LKML Archive on lore.kernel.org
help / color / mirror / Atom feed
From: Rik van Riel <riel@redhat.com>
To: linux-kernel@vger.kernel.org
Cc: KOSAKI Motohiro <kosaki.motohiro@jp.fujitsu.com>,
Lee Schermerhorn <Lee.Schermerhorn@hp.com>,
linux-mm@kvack.org, Lee Schermerhorn <lee.schermerhorn@hp.com>
Subject: [patch 14/21] scan noreclaim list for reclaimable pages
Date: Thu, 28 Feb 2008 14:29:22 -0500 [thread overview]
Message-ID: <20080228192929.203173998@redhat.com> (raw)
In-Reply-To: <20080228192908.126720629@redhat.com>
[-- Attachment #1: noreclaim-01.3-scan-noreclaim-list-for-reclaimable-pages.patch --]
[-- Type: text/plain, Size: 8849 bytes --]
V2 -> V3:
+ rebase to 23-mm1 atop RvR's split LRU series
New in V2
This patch adds a function to scan individual or all zones' noreclaim
lists and move any pages that have become reclaimable onto the respective
zone's inactive list, where shrink_inactive_list() will deal with them.

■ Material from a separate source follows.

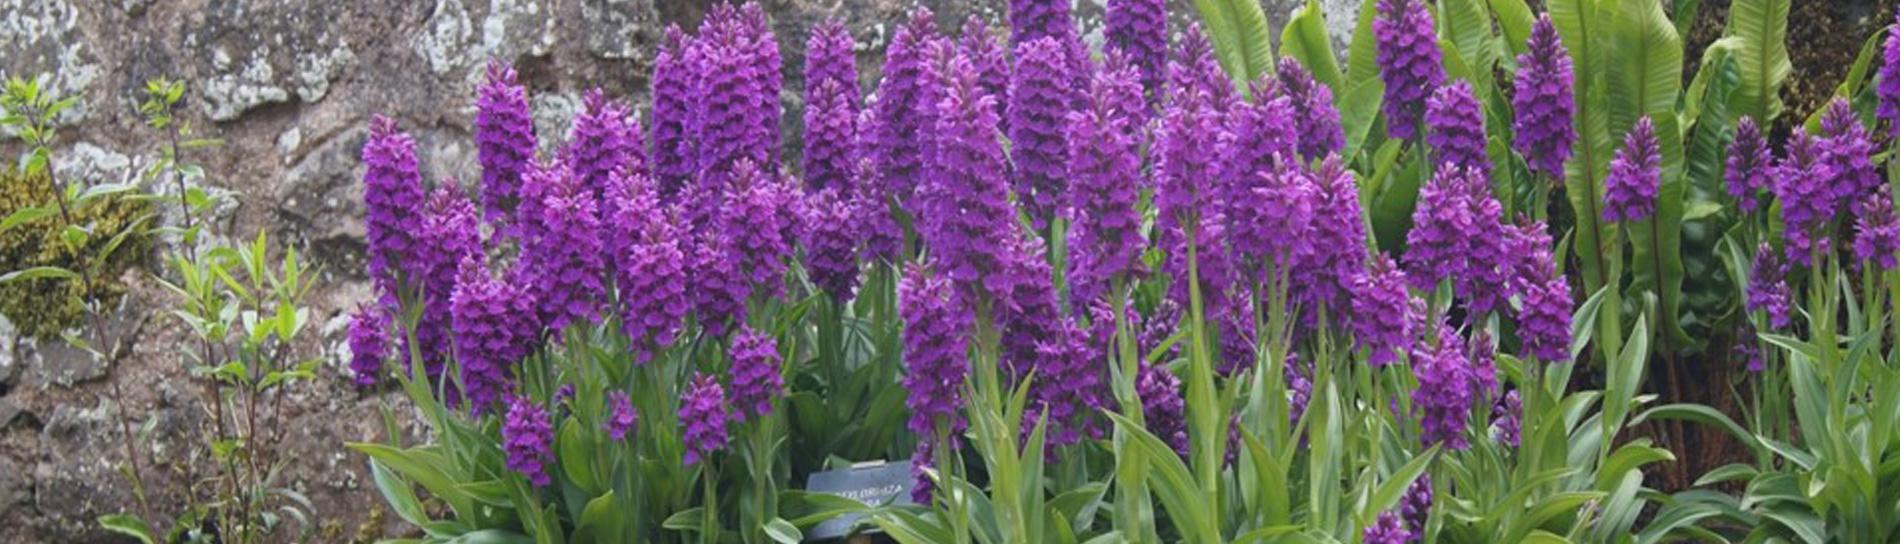 John-Horsey-Horticulture-Gardening-Axminster
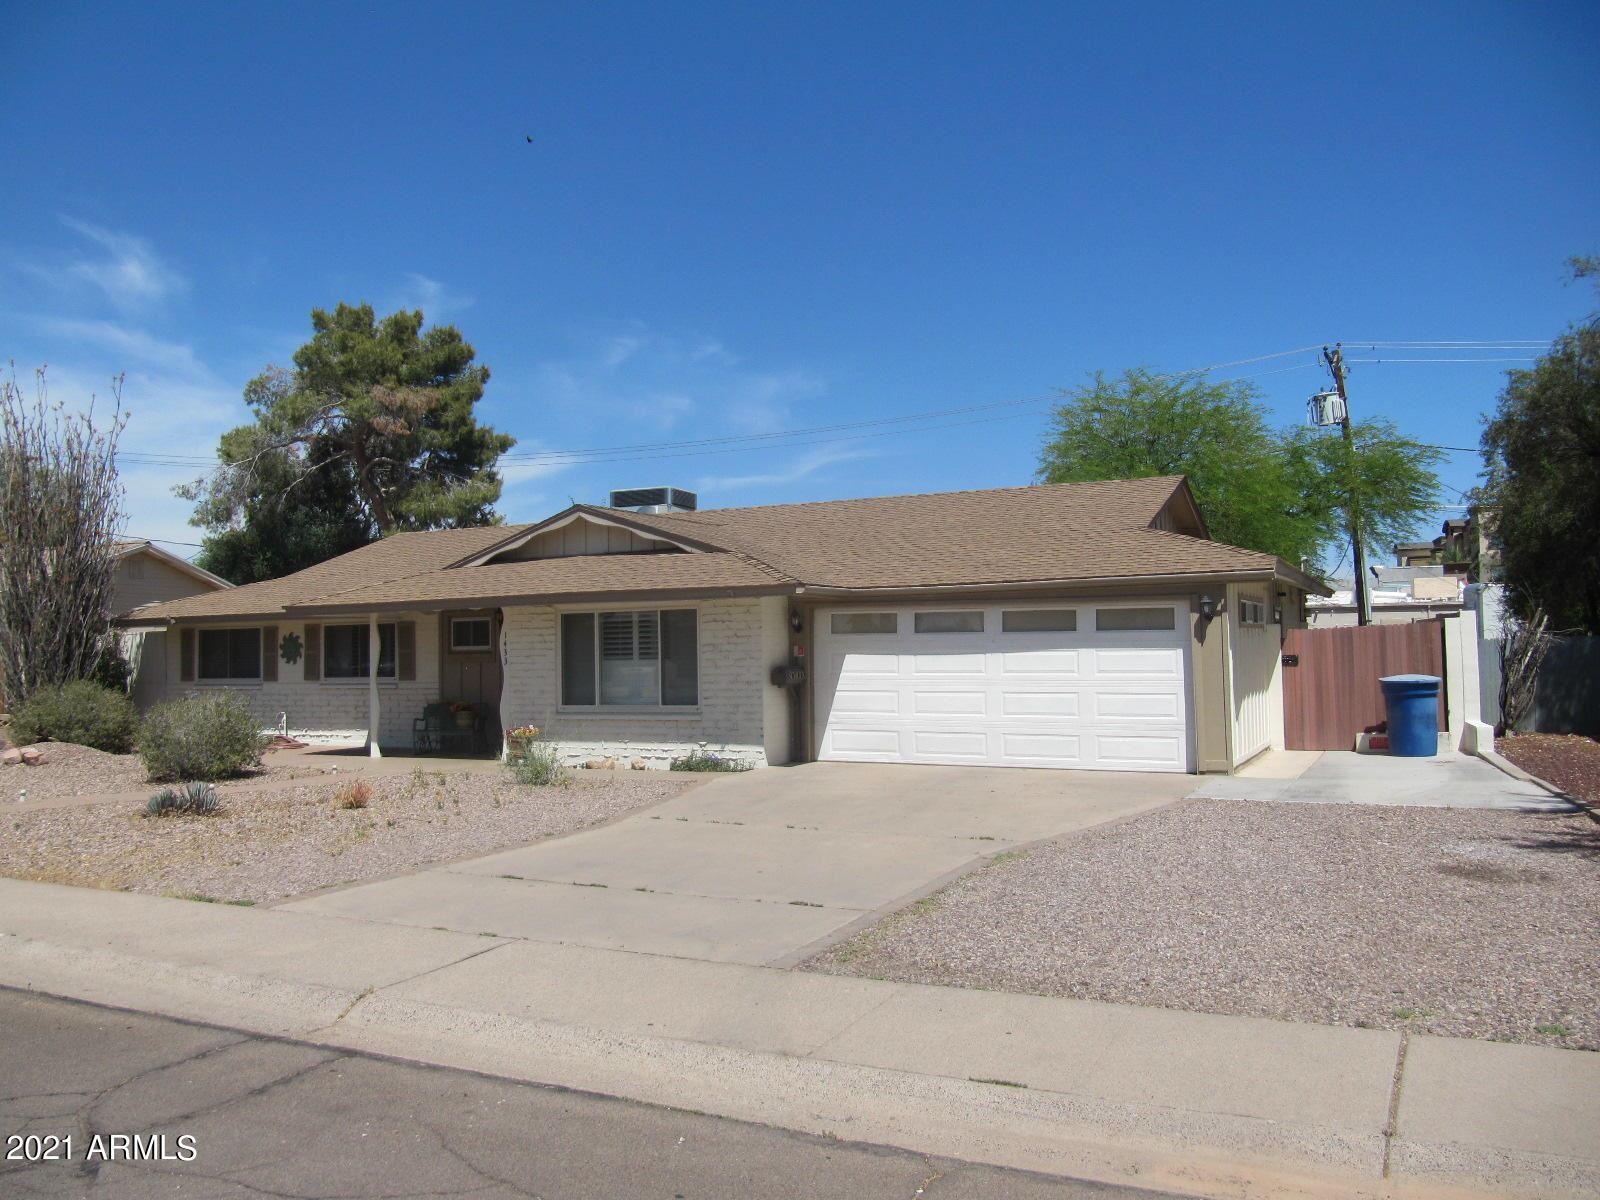 Photo of 1433 N Sunset Drive, Tempe, AZ 85281 (MLS # 6232249)

This replaces the function to splice the entire noreclaim list onto the
active list for rescan by shrink_active_list(). That method had problems
with vmstat accounting and complicated '[__]isolate_lru_pages()'. Now,
__isolate_lru_page() will never isolate a non-reclaimable page. The
only time it should see one is when scanning nearby pages for lumpy
reclaim.
TODO: This approach may still need some refinement.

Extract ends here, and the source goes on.